Lastly, this Kate Bowler gal. I mean. She’s a bad luck magnet and somehow finds a way to pull off a memoir solely about herself in a hilariously not-self-centered way. She takes the reader down into the terrain of her life: a frustrating physical disability in her 20s that leaves her nearly without the function of her arms while the deadline of her dissertation bares down, then the hard reality of fertility struggles in her 30s, then a miracle baby boy, followed all-to-closely by a cancer diagnosis wrapped in a hopeless package of “30% chance of survival.” I would be friends with Kate, because in all of her accounts, she never once sounds pitiful. She cusses and gets pissy at God and even burns one of her favorite dresses the day she finds out she has cancer, because it seems way too “before cancer” to ever be worn again… and yet none of it sounds the type of pitiful that makes my heart yuck. Instead, it sounds the type of real that makes my heart cheer this remarkable woman on. The book's thesis, in the aftermath of a diagnosis, a rigorous chemo treatment, a year of getting two-month intervals of permission to keep living, I'd say is this: “No matter how hard I try, I can’t save myself.” I can think of no other thing than death staring you down that will serve as a greater teacher of flexibility. Our good health, if we have it, is a puffy little package that allows us the luxury of believing we will see through what we plan to see through. Until, like Kate, we’re robbed of that certainty -- until we recognize that we can’t save our own lives, much less our own plans, our “plots,” our scheming and dreaming – we will blindly prefer what is rigid, sure.

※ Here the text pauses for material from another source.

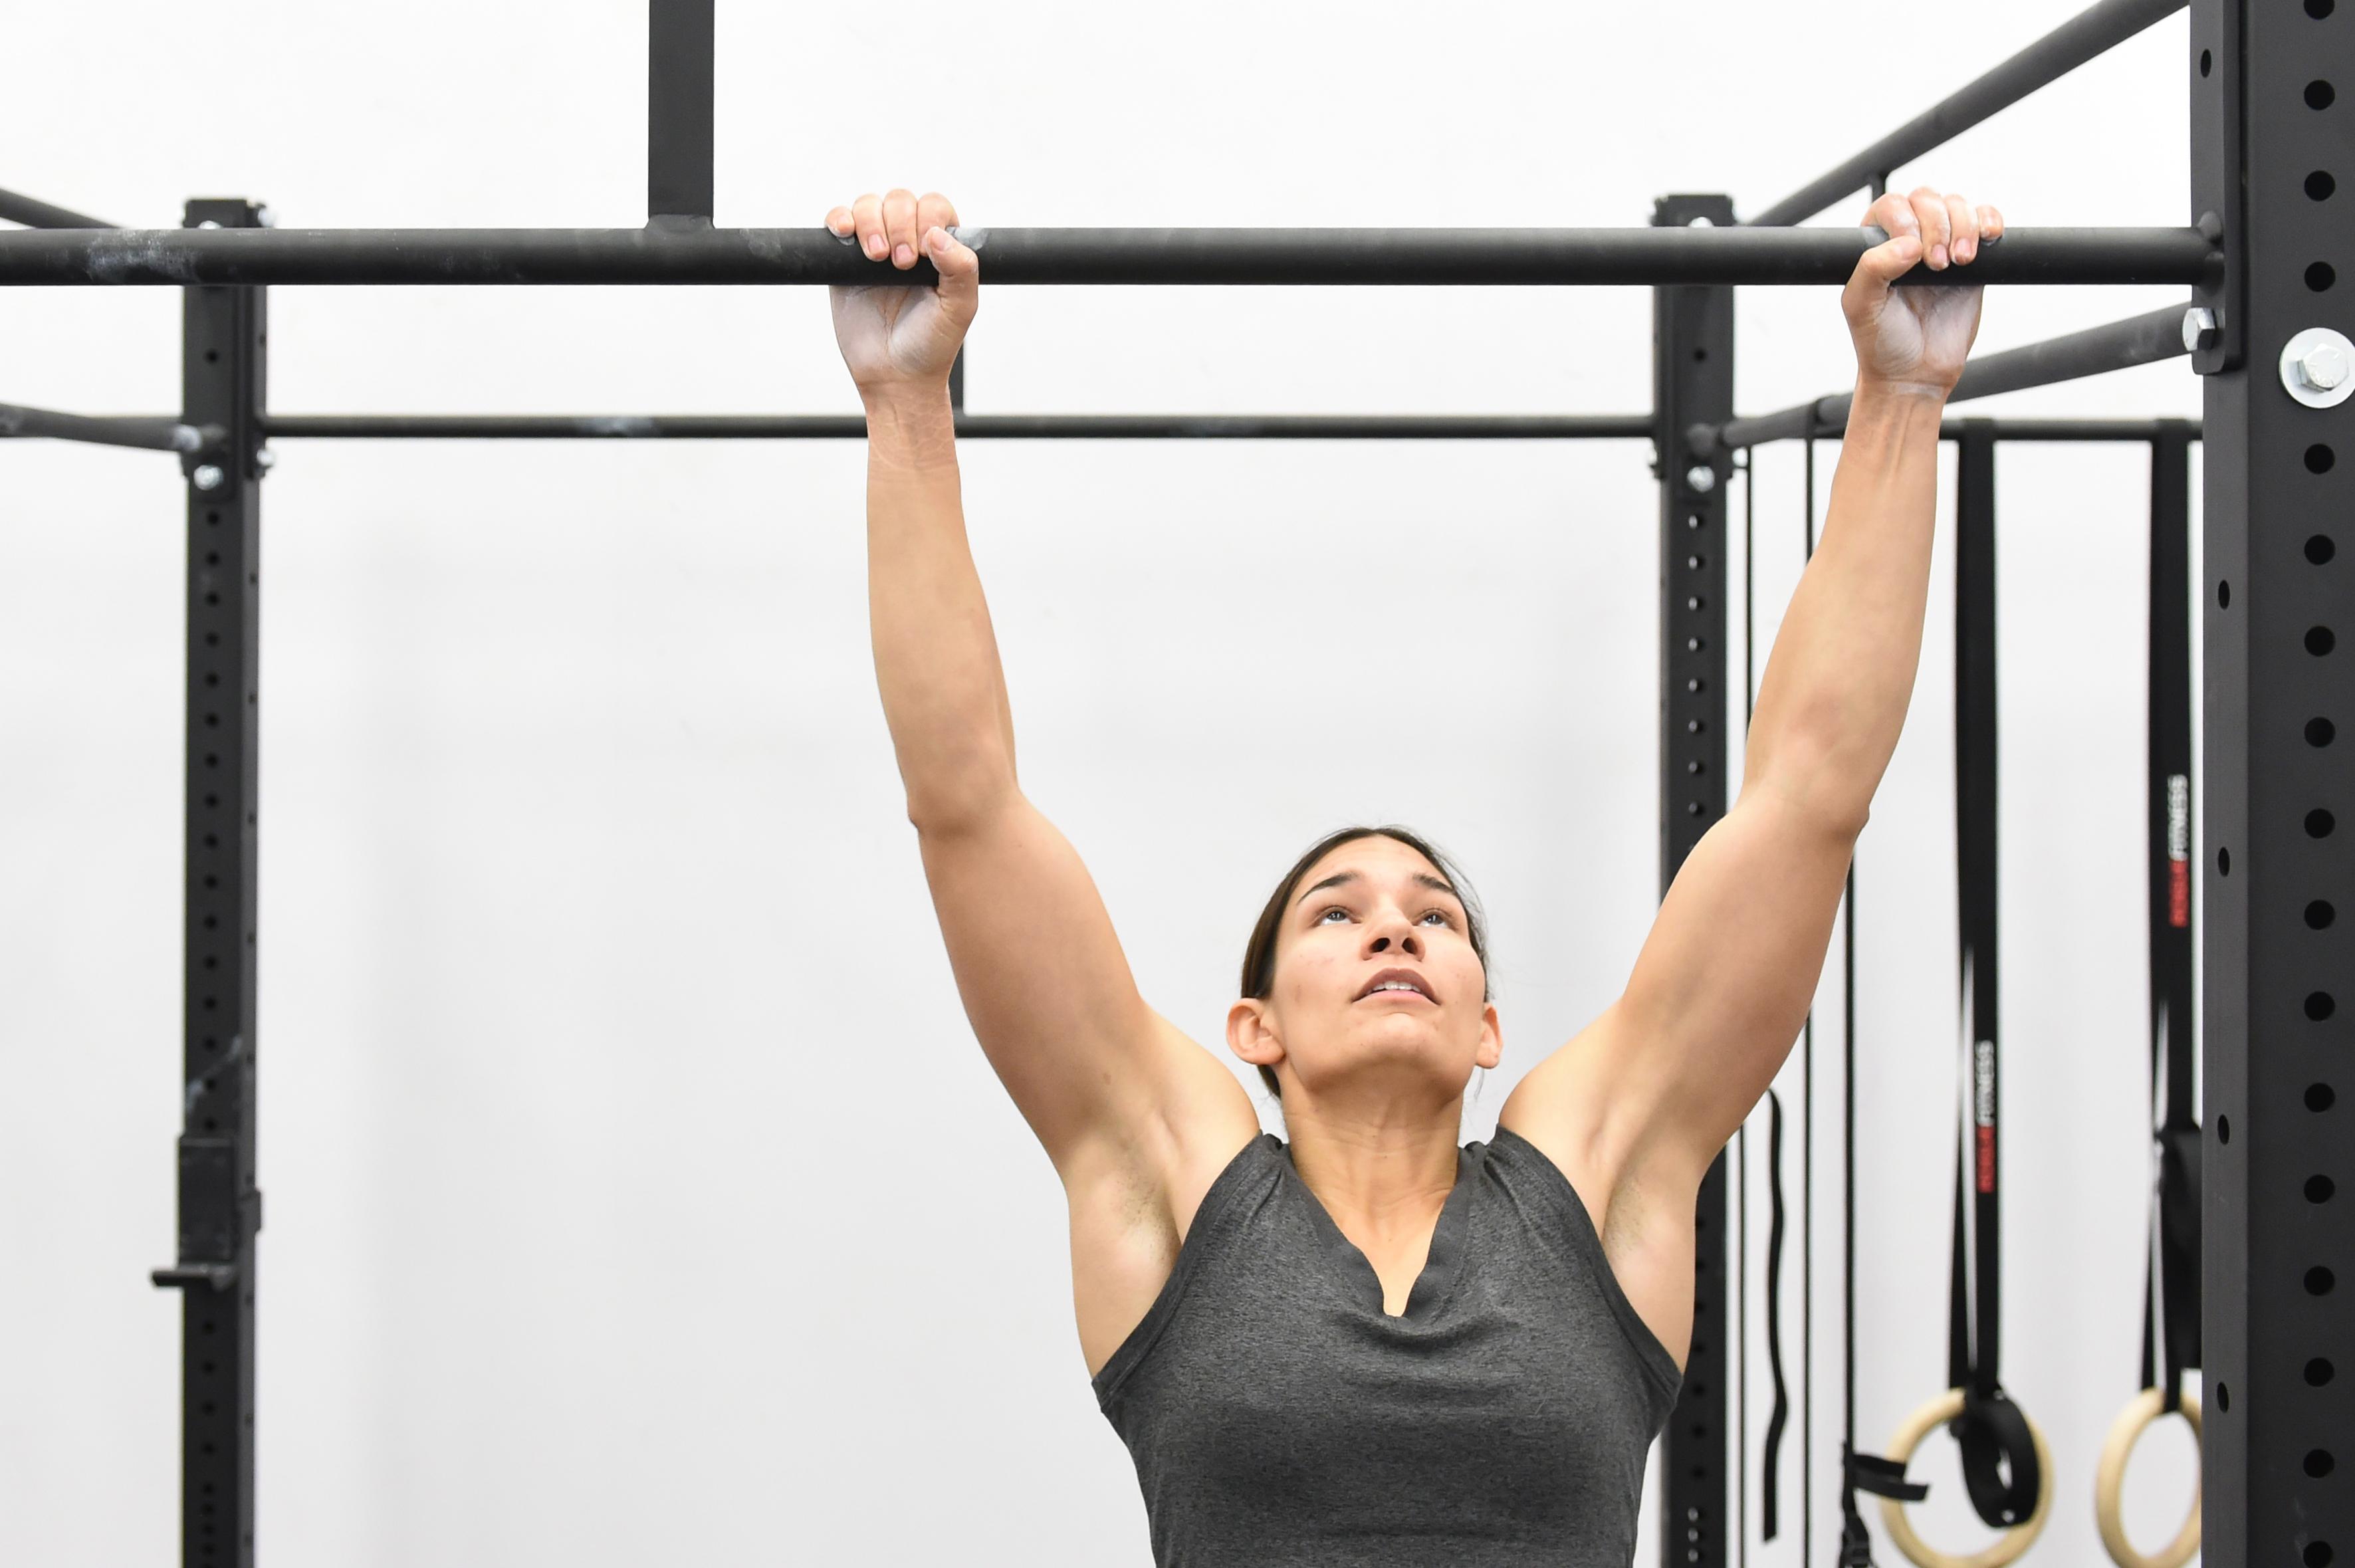 5 Easy Pull Up Bar Exercises For Beginners | RDX Sports Blog

I'm reminded of my most recent visit to Florida. I've vacationed there since the time I was a small child and can remember playing the road trip game with my brother on our long venture south: Who Can Spot The First Palm Tree? But it wasn’t until this year's Florida trip, with my 40th year of life nearly complete, that I gave those palm trees a hard look for what they really are. Those suckers can bend, baby. In a strong wind storm, I stood out on the balcony and marveled as their long trunks endured the whipping, swaying this way and that with the fierce gusts. It made me realize something: There is a strong that is galvanized, steely, permanent. And then there is a different type of strong: pliable.
Life is in the business of building flexibility in us. Every last one of us. To our very last day.
I don’t know about you, but my overachieving nature – knowing this – wants to be ahead of schedule. I’d like to yield to this exercise, like a palm tree, sooner than I absolutely need to. Won’t you join me?